● What to produce: From the line with "18世紀 スウェーデン木皿 /" to the line with "Les grottes de", retype each line exactly as it stands in the records below, but skip the pictures.
**** Records for the task ****
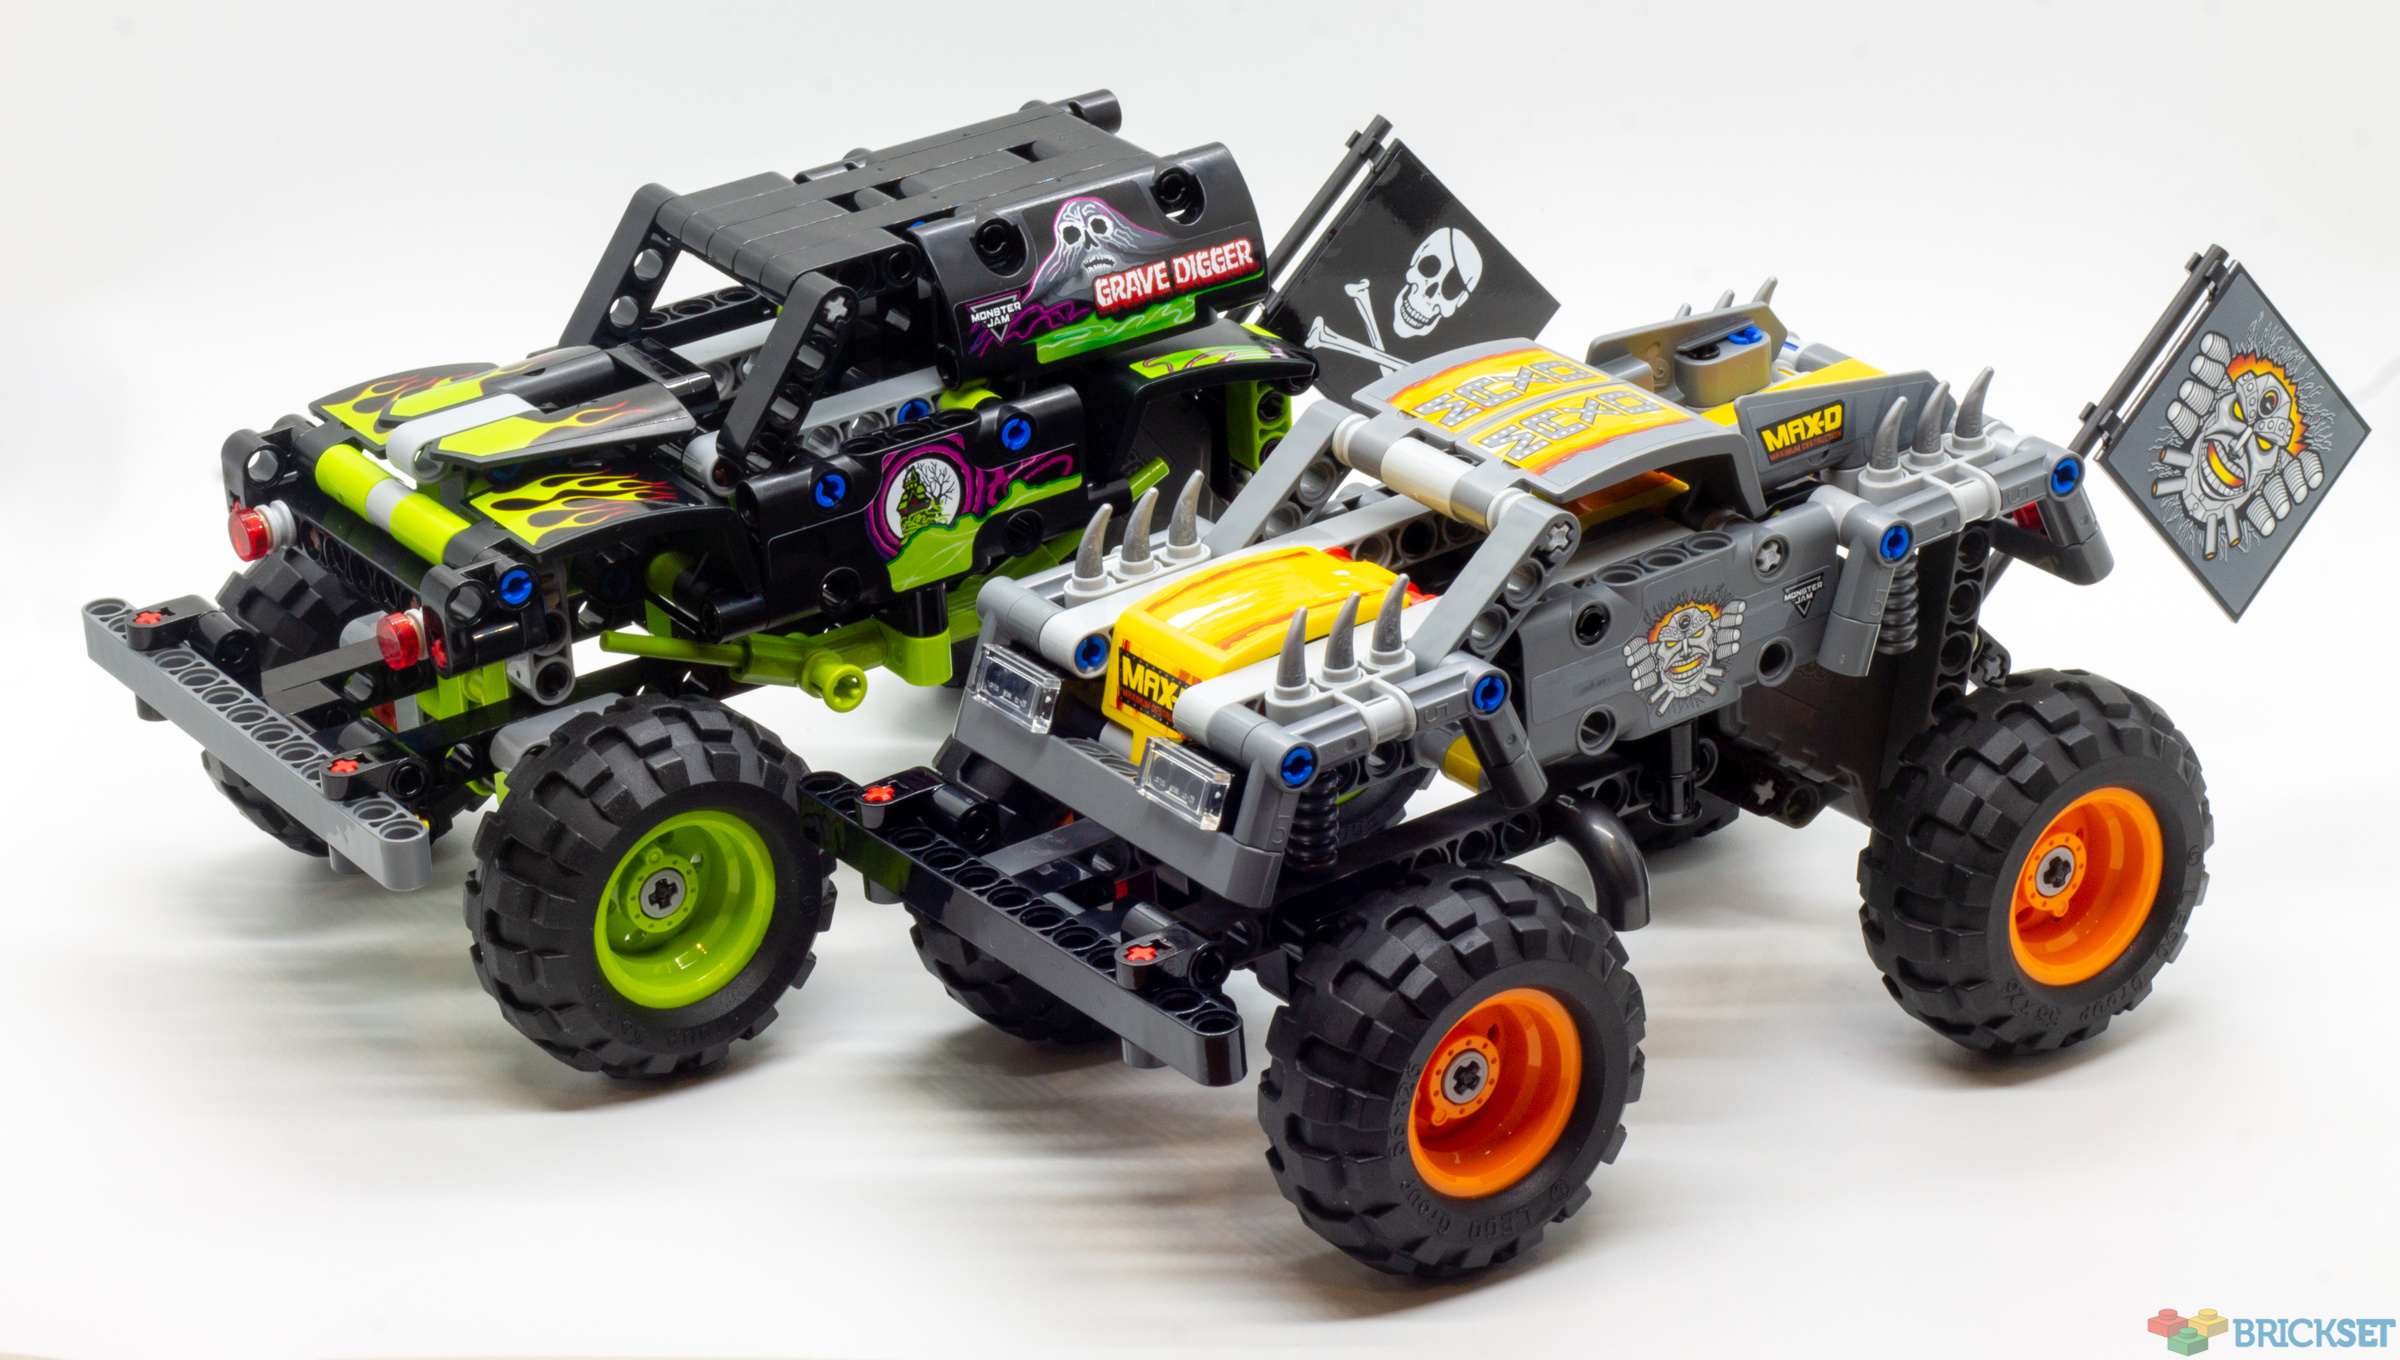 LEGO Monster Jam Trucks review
****
**** Records for the task ****
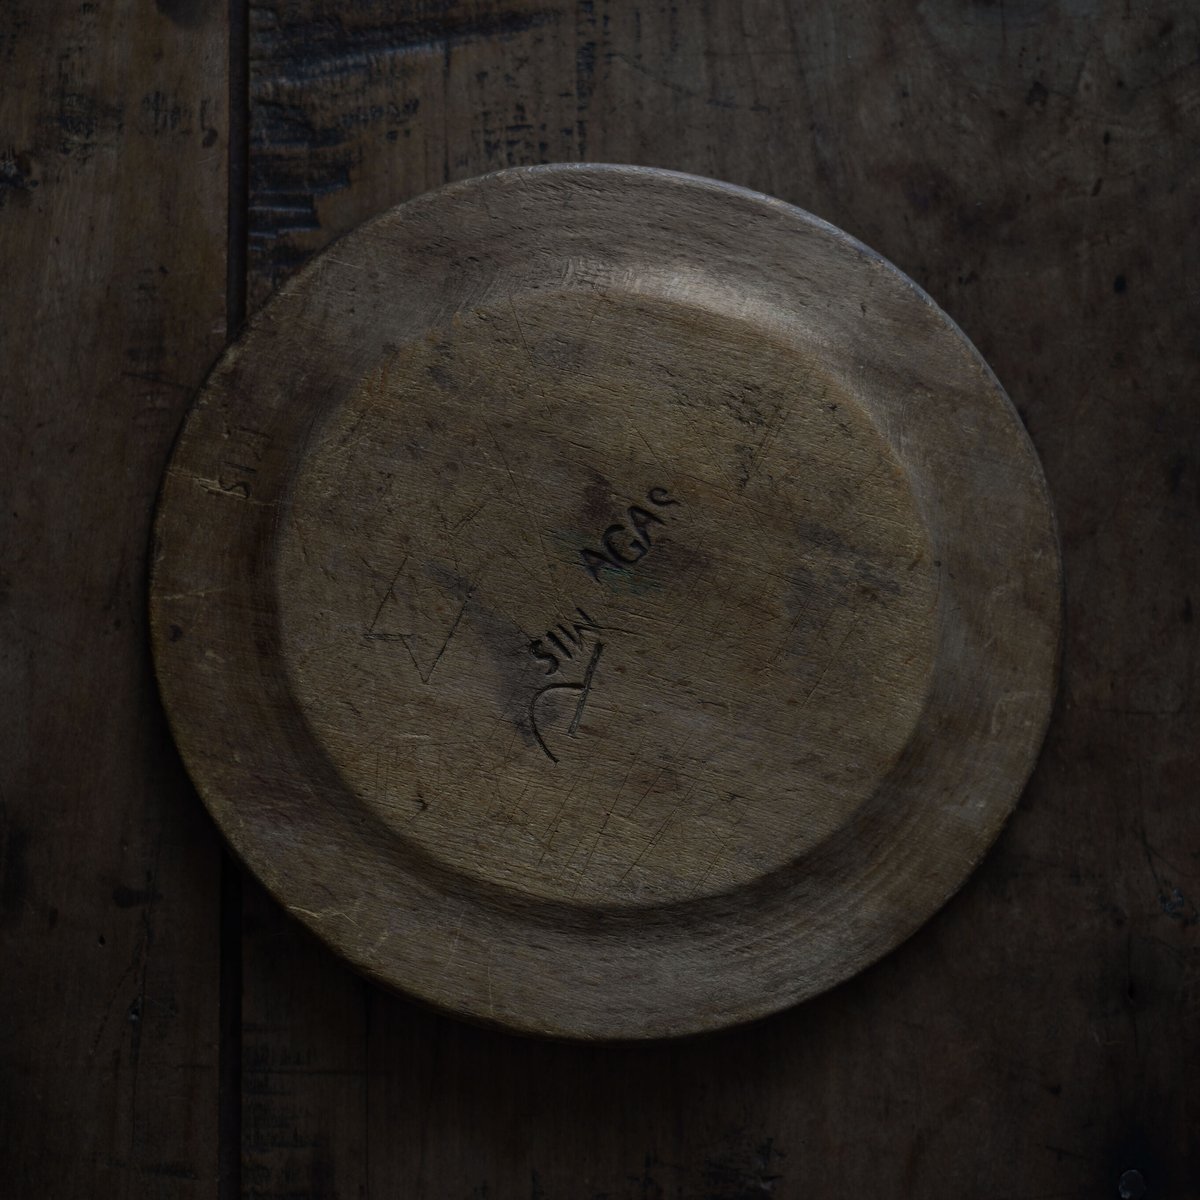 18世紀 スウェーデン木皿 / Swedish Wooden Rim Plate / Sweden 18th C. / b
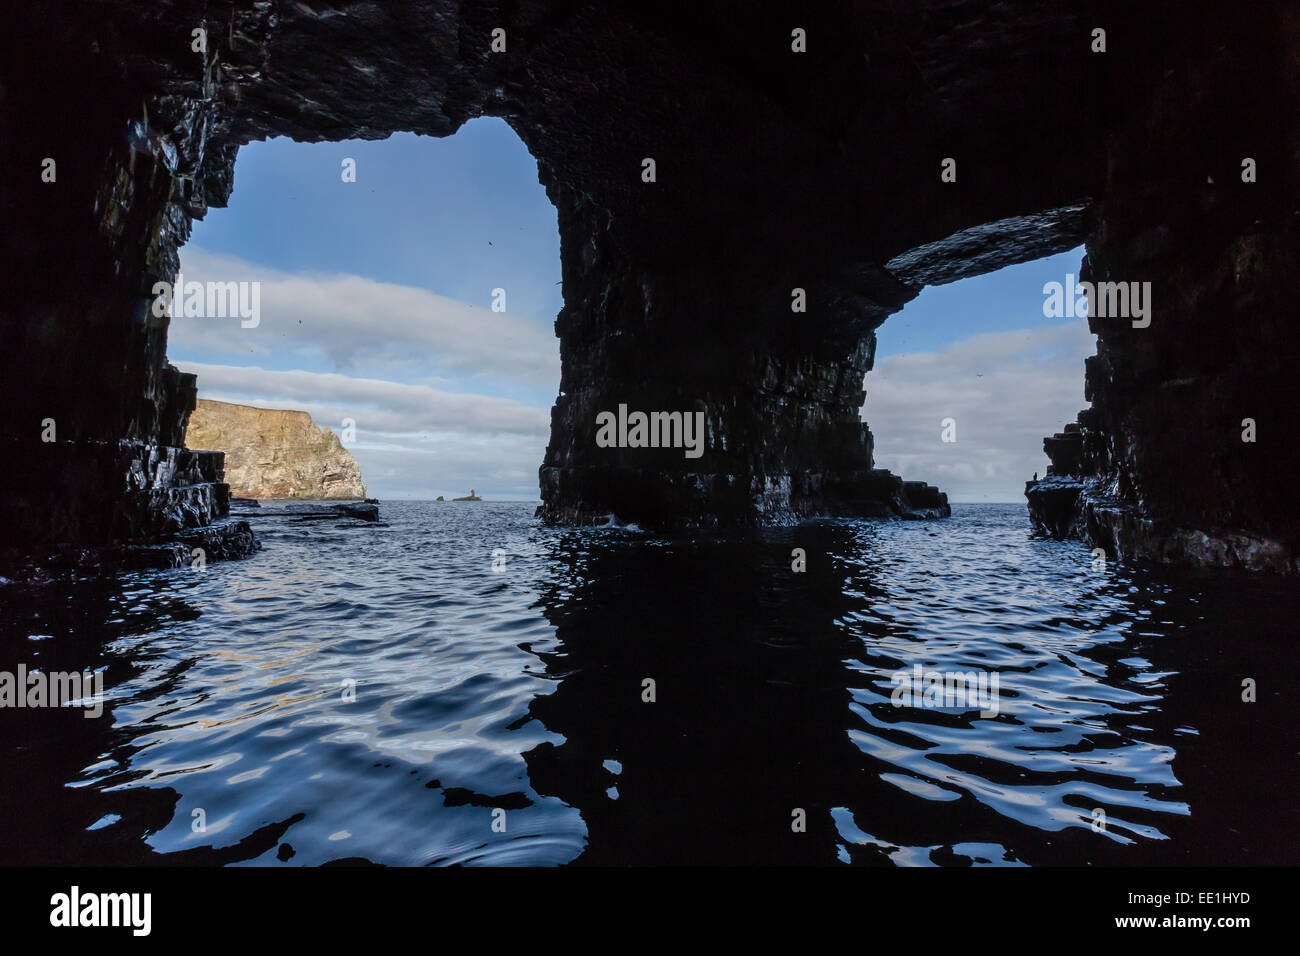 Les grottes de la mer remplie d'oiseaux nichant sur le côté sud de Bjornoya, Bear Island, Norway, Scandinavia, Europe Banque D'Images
****
● Response to this exercise:
 18世紀 スウェーデン木皿 / Swedish Wooden Rim Plate / Sweden 18th C. / b
 Les grottes de la mer remplie d'oiseaux nichant sur le côté sud de Bjornoya, Bear Island, Norway, Scandinavia, Europe Banque D'Images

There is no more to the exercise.